Ritchie Marina, Sajjadi Seyed Ahmad, Grill Joshua D
UC Irvine Institute for Memory Impairments and Neurological Disorders (MR, SAS); Department of Neurobiology and Behavior (MR); Department of Neurology (SAS); and Department of Psychiatry and Human Behavior, University of California, Irvine.
Neurol Clin Pract. 2024 Apr;14(2):e200230. doi: 10.1212/CPJ.0000000000200230. Epub 2024 Jan 5.
The recent FDA approval of amyloid-lowering drugs is changing the landscape of Alzheimer disease (AD) clinical practice. Previously, genetic testing was not recommended in the care of people with AD because of limited clinical utility. With the advent of amyloid-lowering drugs, genotype will play an important role in guiding treatment recommendations. Recent clinical trials have reported strong associations between genotype and the safety and possibly the efficacy of amyloid-lowering drugs. Therefore, a clinical workflow that includes biomarker and genetic testing should be implemented to provide patients with the opportunity to make informed decisions and instruct safety monitoring for clinicians. Pretest consent, education, and counseling will be an essential aspect of this process for patients and their family members to understand the implications of these tests and their results. Given that the approved amyloid-lowering drugs are indicated for patients with mild cognitive impairment or mild dementia with biomarker evidence of AD, biomarker testing should be performed before genetic testing and genetic testing should only be performed in patients interested in treatment with amyloid-lowering drugs. It is also important to consider other implications of genetic testing, including burden on and need for additional training for clinicians, the role of additional providers, and the potential challenges for patients and families.

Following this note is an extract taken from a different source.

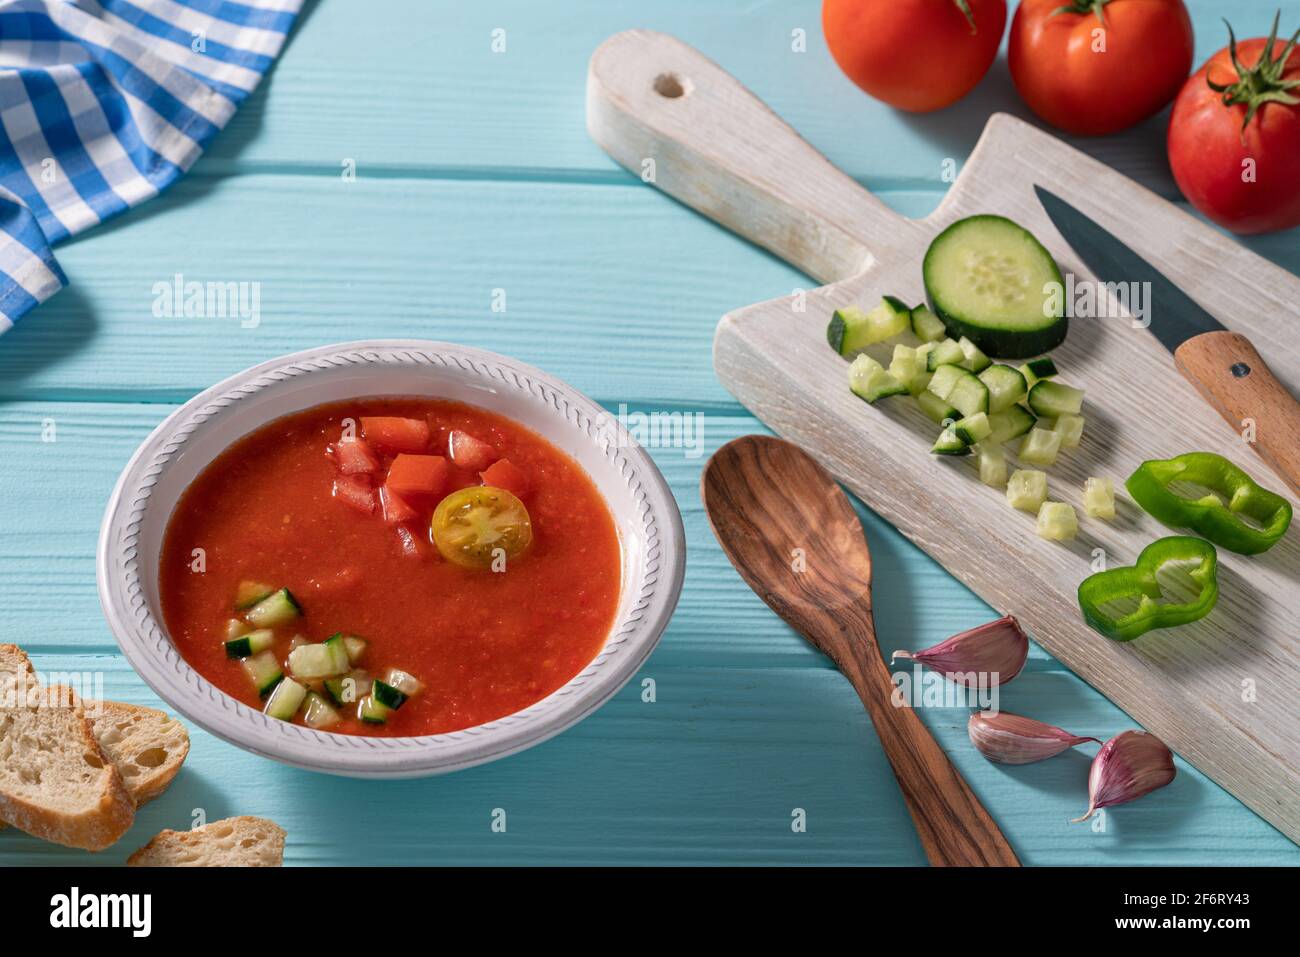 Gazpacho Andaluz is an Andalusian tomato cold soup from Spain with cucumber, garlic, pepper on light blue background. Stock Photo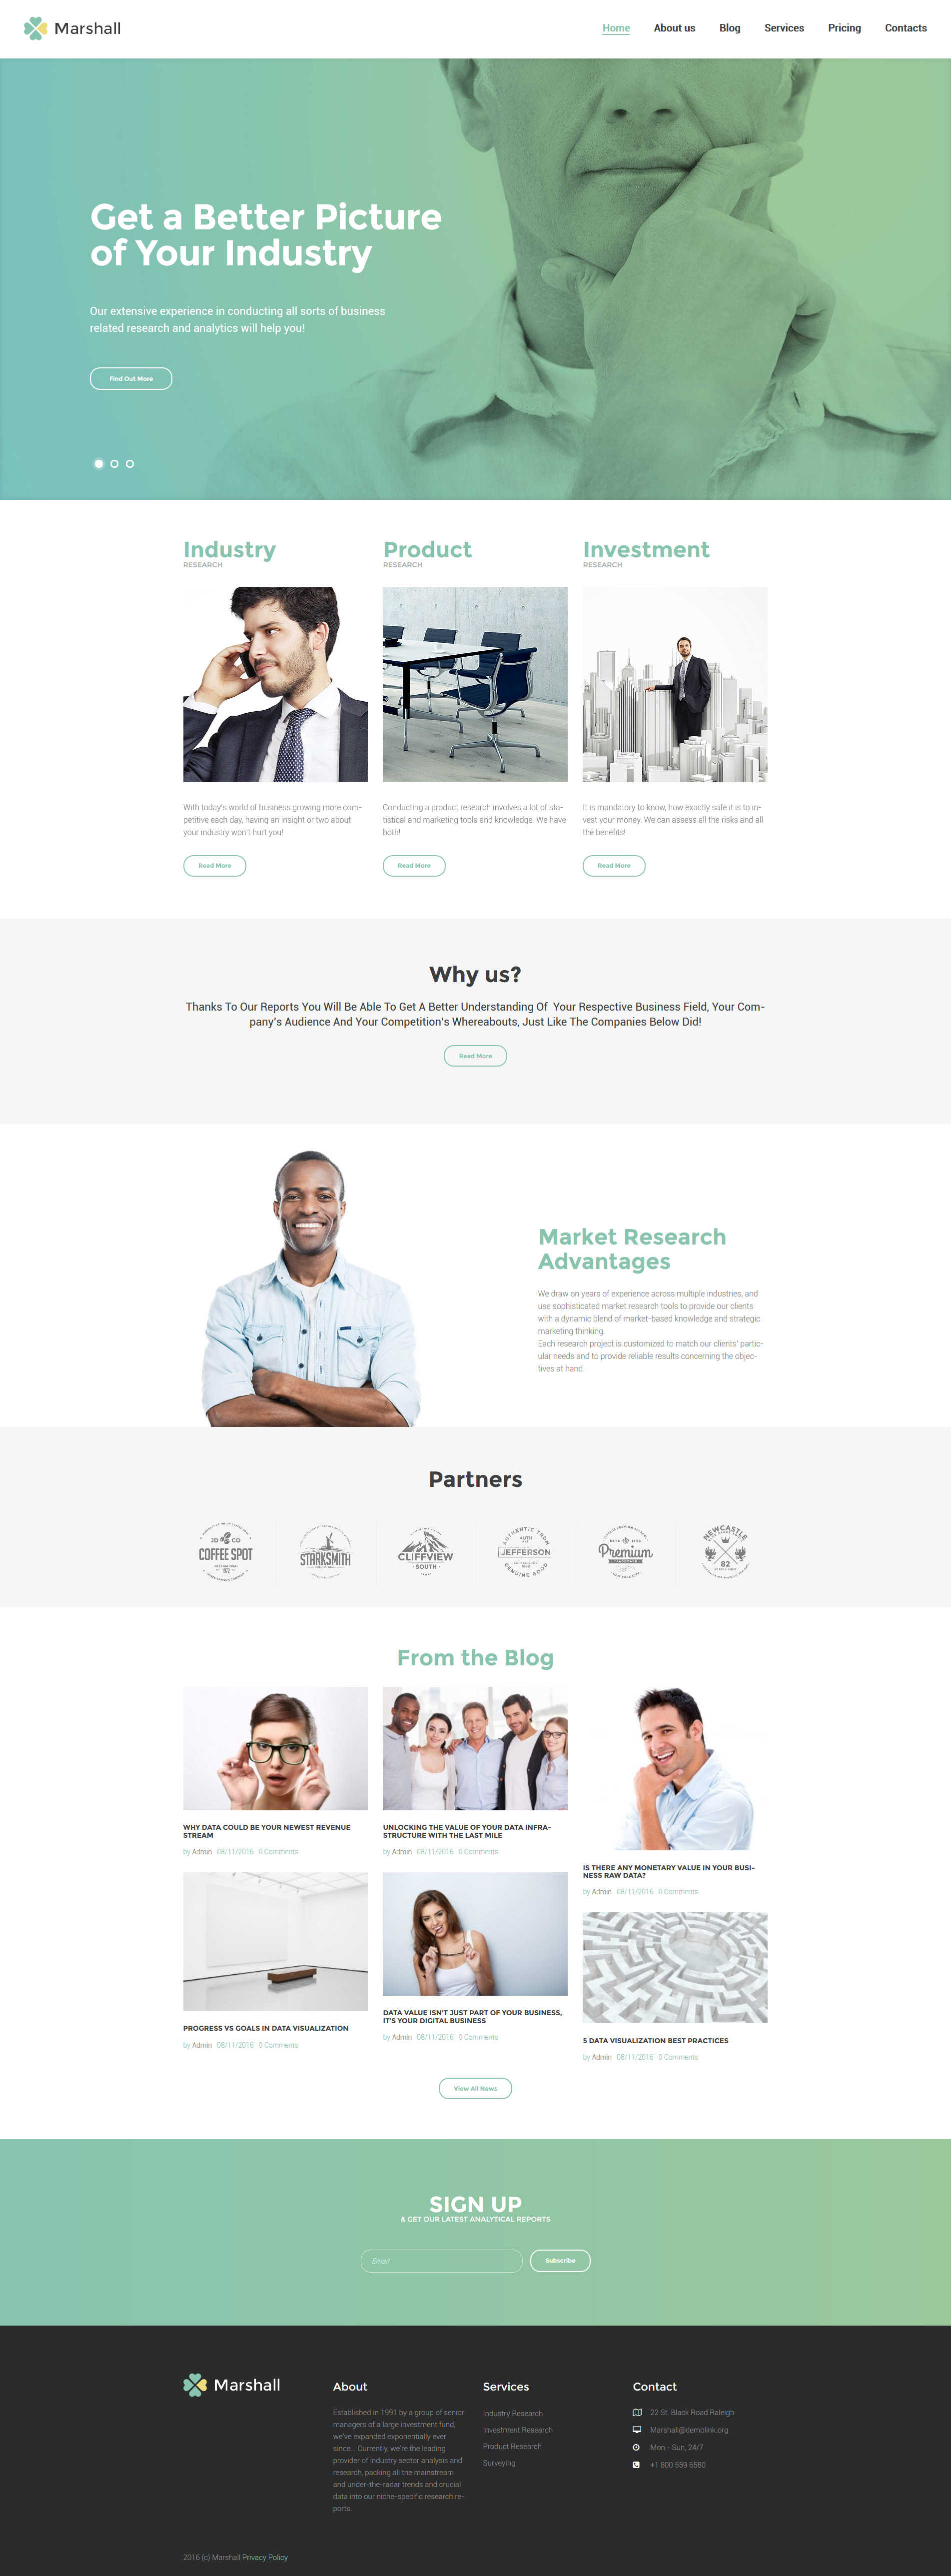 Marshall - Business Analysis and Market Research Agency WordPress Theme

美国食品药品监督管理局(FDA)近期对降低淀粉样蛋白药物的批准正在改变阿尔茨海默病(AD)临床实践的格局。以前,由于临床效用有限,不建议在AD患者的护理中进行基因检测。随着降低淀粉样蛋白药物的出现,基因类型将在指导治疗建议方面发挥重要作用。最近的临床试验报告了基因类型与降低淀粉样蛋白药物的安全性以及可能的疗效之间的密切关联。因此,应实施包括生物标志物和基因检测在内的临床工作流程,为患者提供做出明智决策的机会,并指导临床医生进行安全监测。检测前的同意、教育和咨询将是这一过程的重要方面,以便患者及其家属了解这些检测及其结果的含义。鉴于已批准的降低淀粉样蛋白药物适用于有AD生物标志物证据的轻度认知障碍或轻度痴呆患者,应在基因检测之前进行生物标志物检测,并且基因检测仅应在有兴趣接受降低淀粉样蛋白药物治疗的患者中进行。考虑基因检测的其他影响也很重要,包括对临床医生的负担和额外培训的需求、其他医疗服务提供者的作用以及对患者和家庭的潜在挑战。